**Problem details**
Leave out the pictures and retype exactly the lines from the line with "Pinedrops, Woodland Pinedrops: Pterospora" through the end of the listing below.

**Data shown**
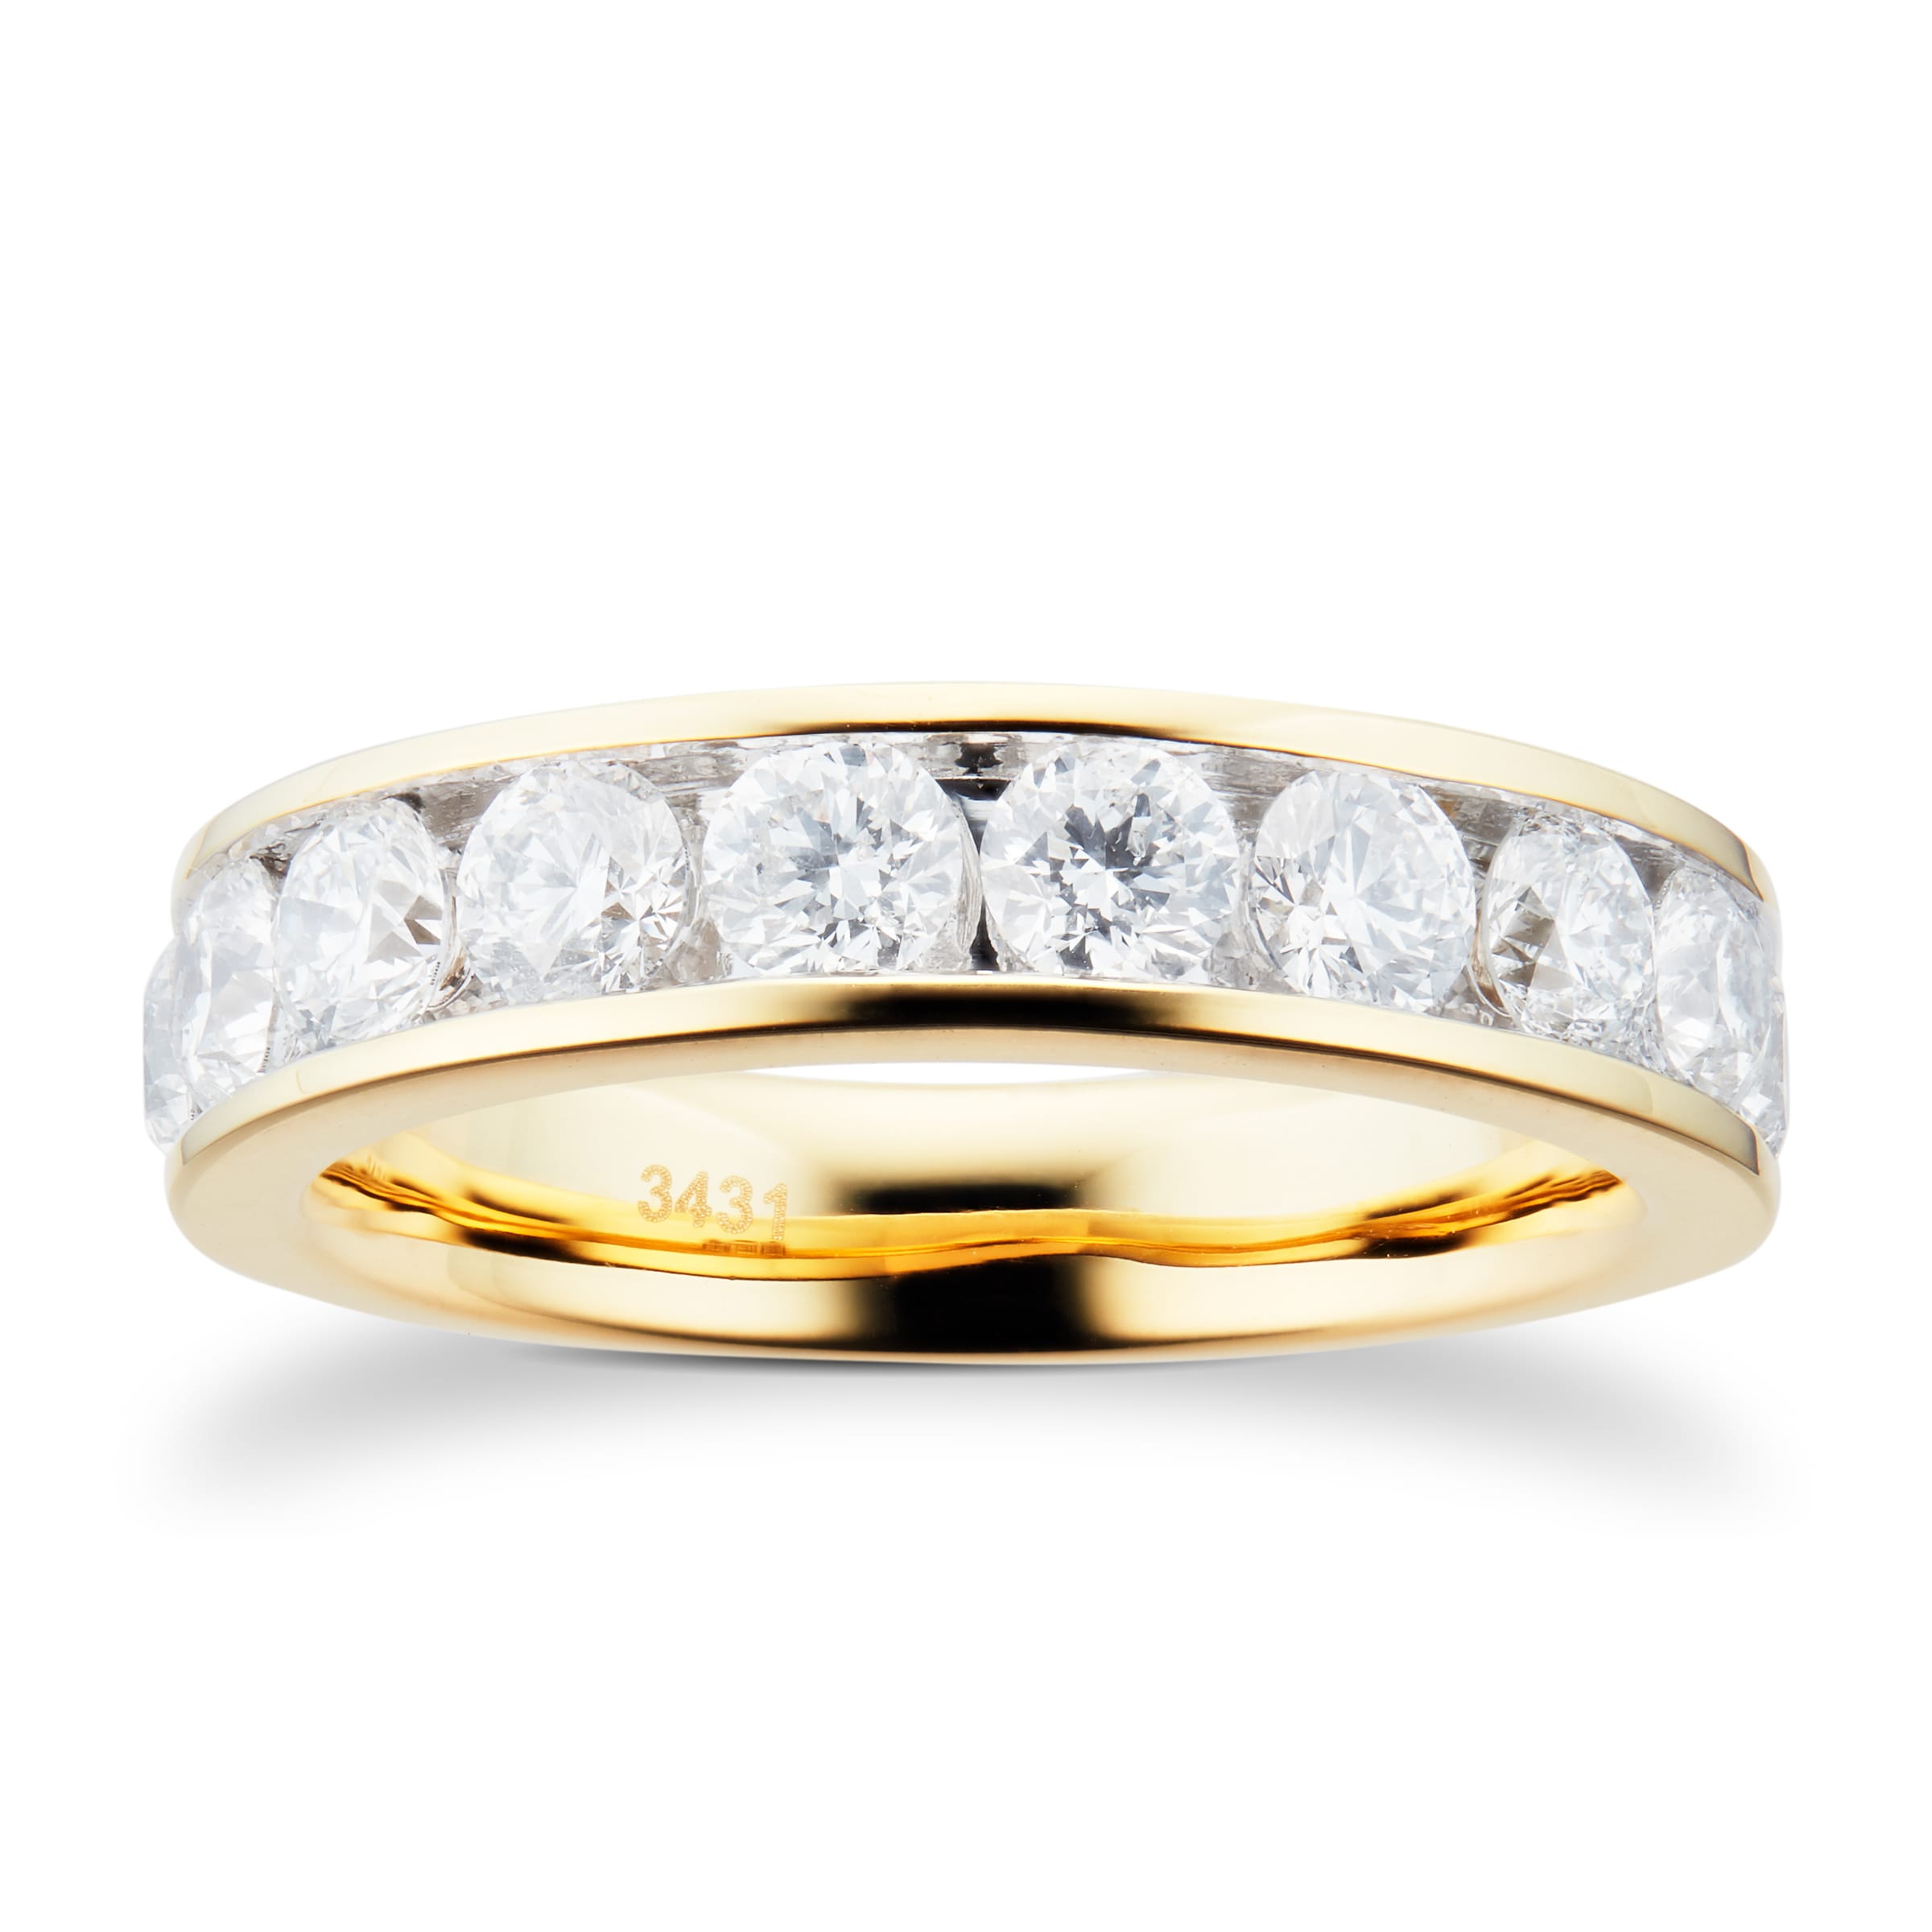 18ct Yellow Gold 1.50ct Brilliant Cut Goldsmiths Brightest Diamond Eternity Ring - Ring Size Q
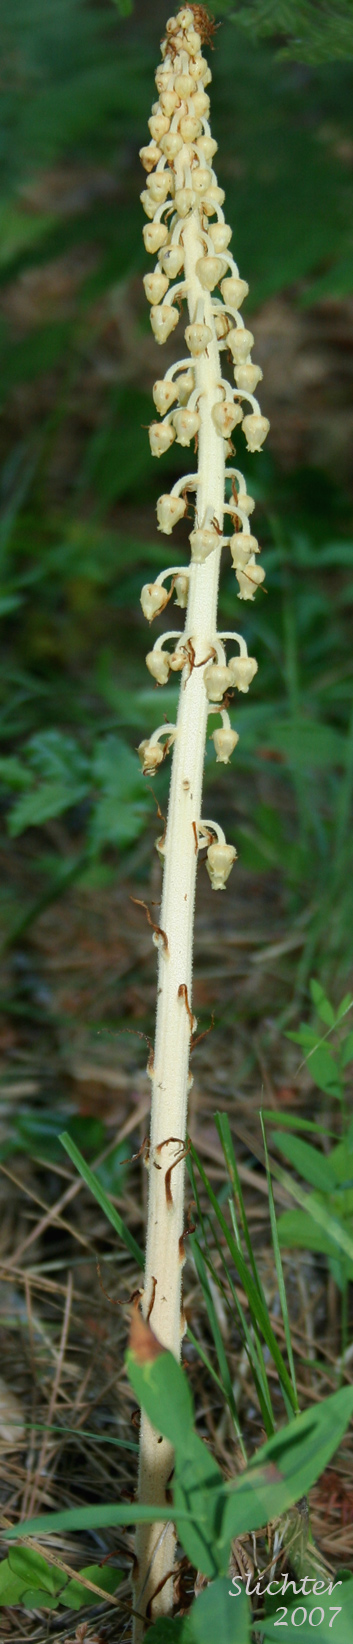 Pinedrops, Woodland Pinedrops: Pterospora andromedea
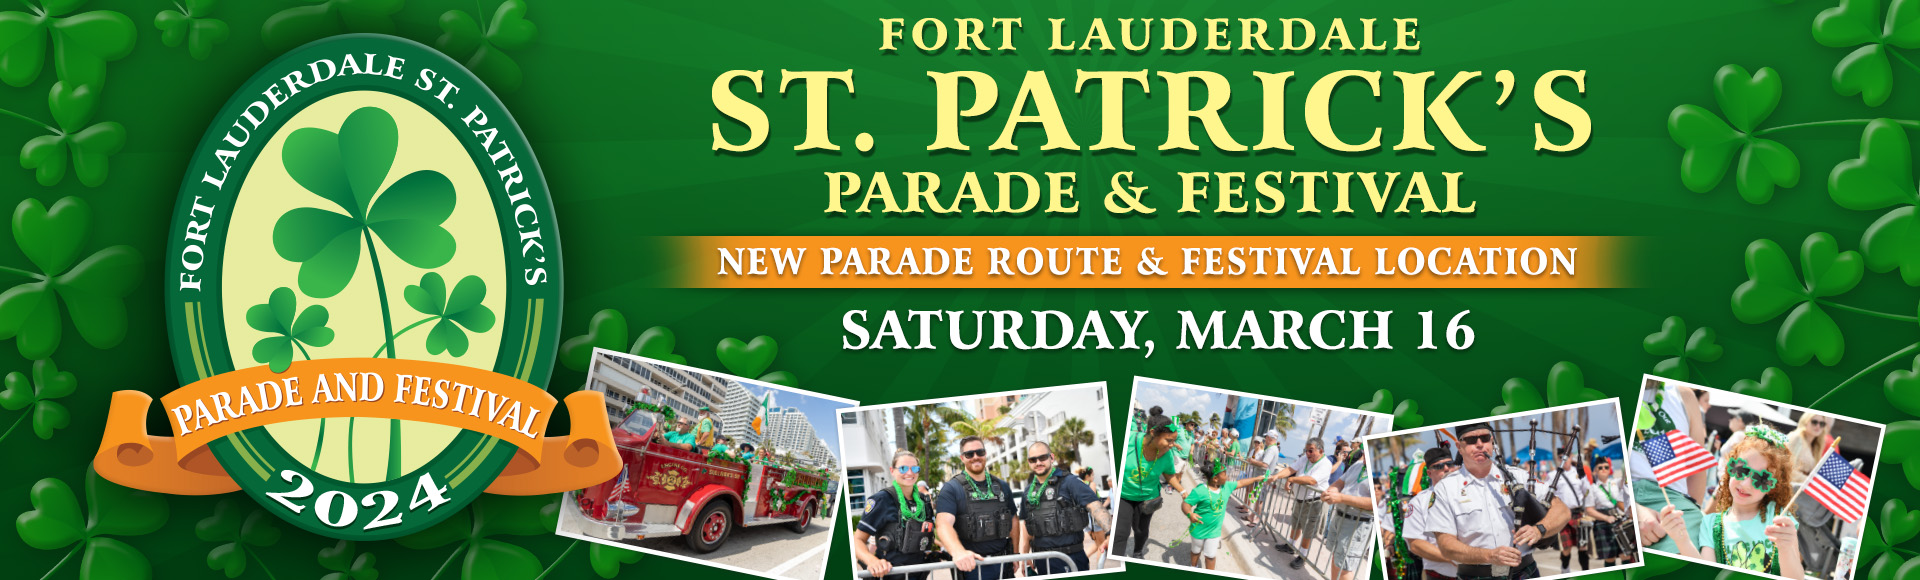 St Patrick's Parade & Festival March 16
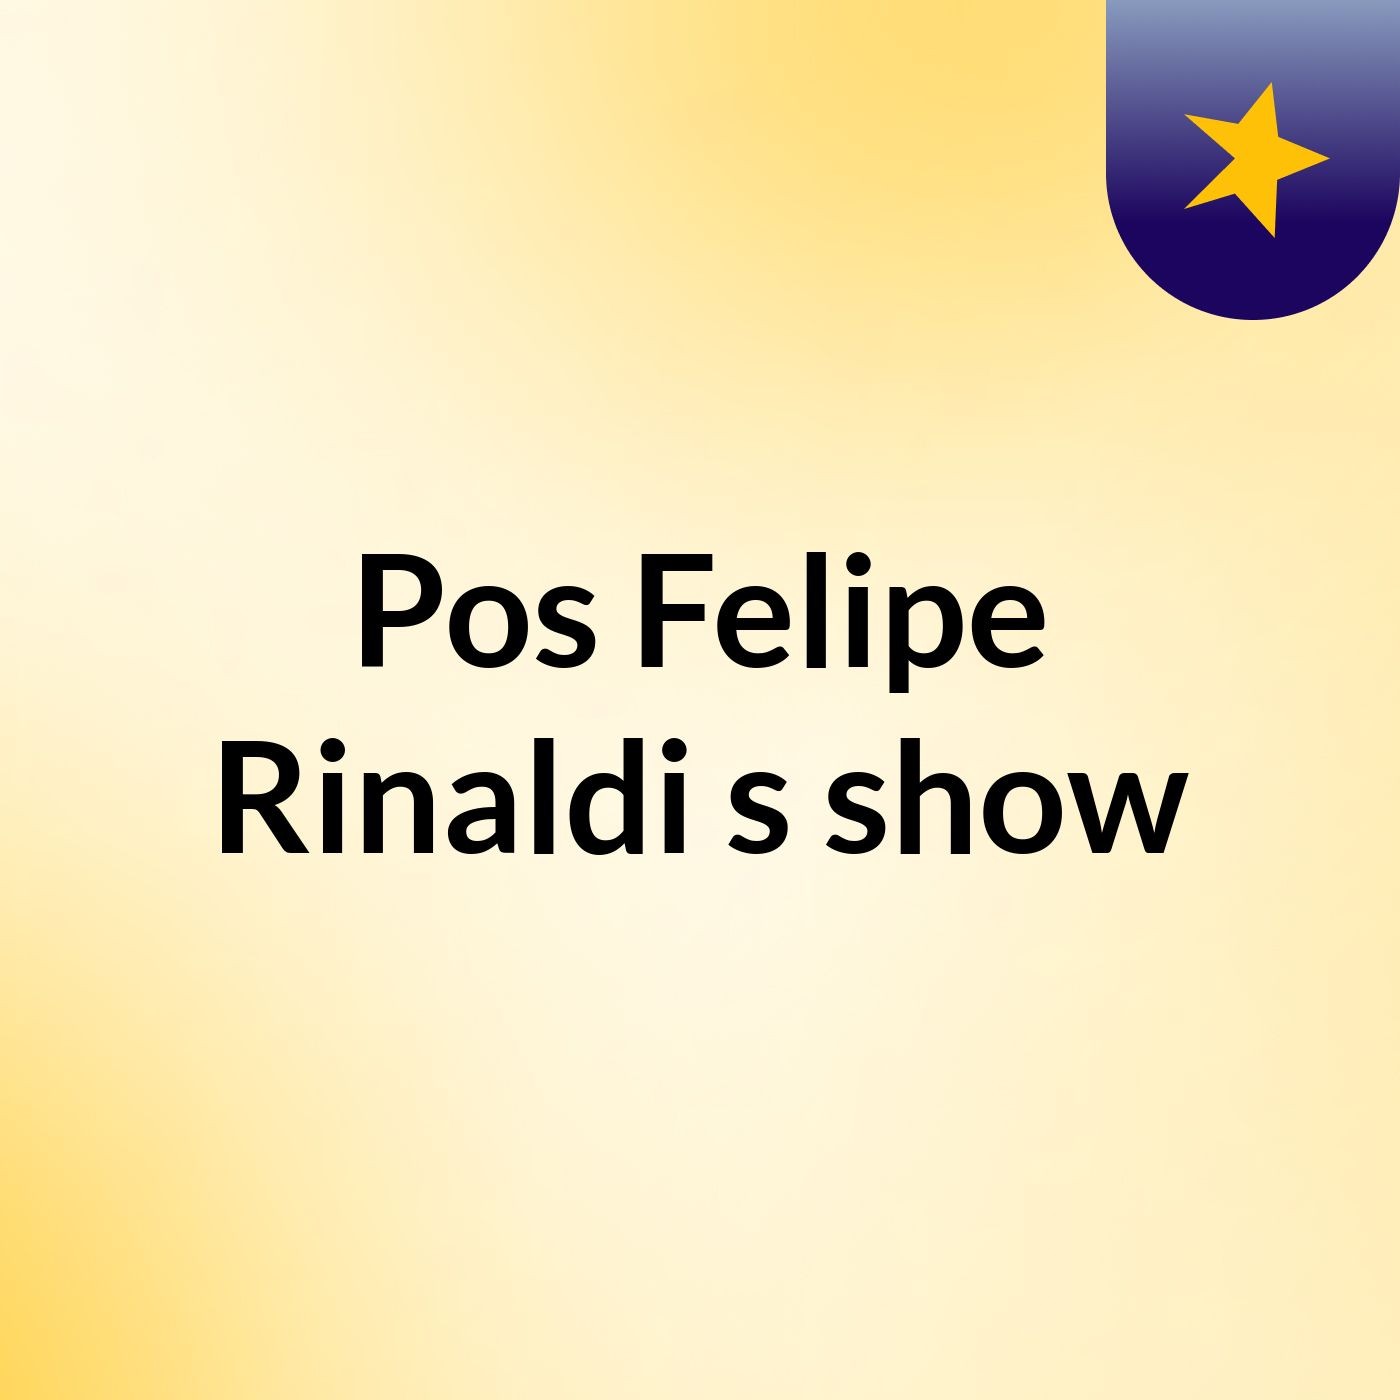 Pos Felipe Rinaldi's show

**Answer to the problem**
 Pinedrops, Woodland Pinedrops: Pterospora andromedea
 St Patrick's Parade & Festival March 16
 Pos Felipe Rinaldi's show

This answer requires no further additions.